It would be very kind if someone experienced with limma, especially the functions lmfit and model.matrix , could help me with my questions. Thanks in advance.
I have read the limma userguide (https://www.bioconductor.org/packages/devel/bioc/vignettes/limma/inst/doc/usersguide.pdf) and tried to do it like 17.4 in the userguide.
First I have read in the platform design file from https://www.ncbi.nlm.nih.gov/geo/query/acc.cgi?acc=GPL18948:
> library(limma) > platform <- read.table(file="GPL18948_platform_design_file2.txt", sep="\t")
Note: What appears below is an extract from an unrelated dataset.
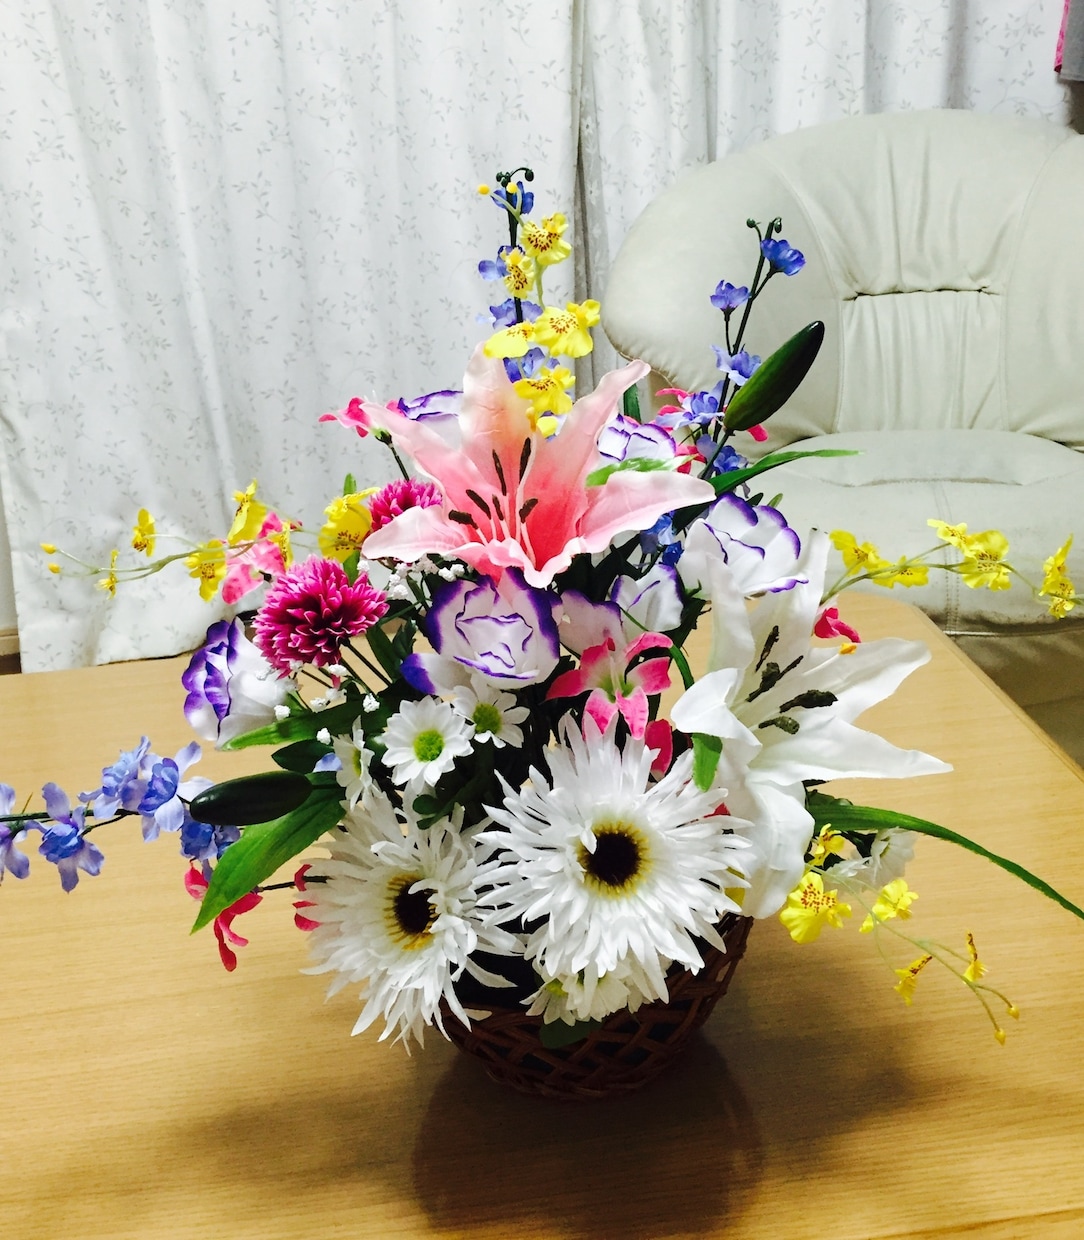 生花・造花のアレンジメント作ります プレゼント・御祝・お見舞・仏事用アレンジメントを作れます イメージ1

Then I have read in the different RAW files with help of the taget.txt file. Target .txt has the following format:
SampleNumber FileName Condition 1 GSM1436498_Parent_replicate1.txt NONE 2 GSM1436499_Parent_replicate2.txt NONE 3 GSM1436500_CPZ1.txt CPZ 4 GSM1436501_CPZ2.txt CPZ
I read in the data and process it:
> x <- read.maimages(targets, source="agilent.median",green.only=TRUE) > y <- backgroundCorrect(x, method="normexp") > y <- normalizeBetweenArrays(y,method="quantile")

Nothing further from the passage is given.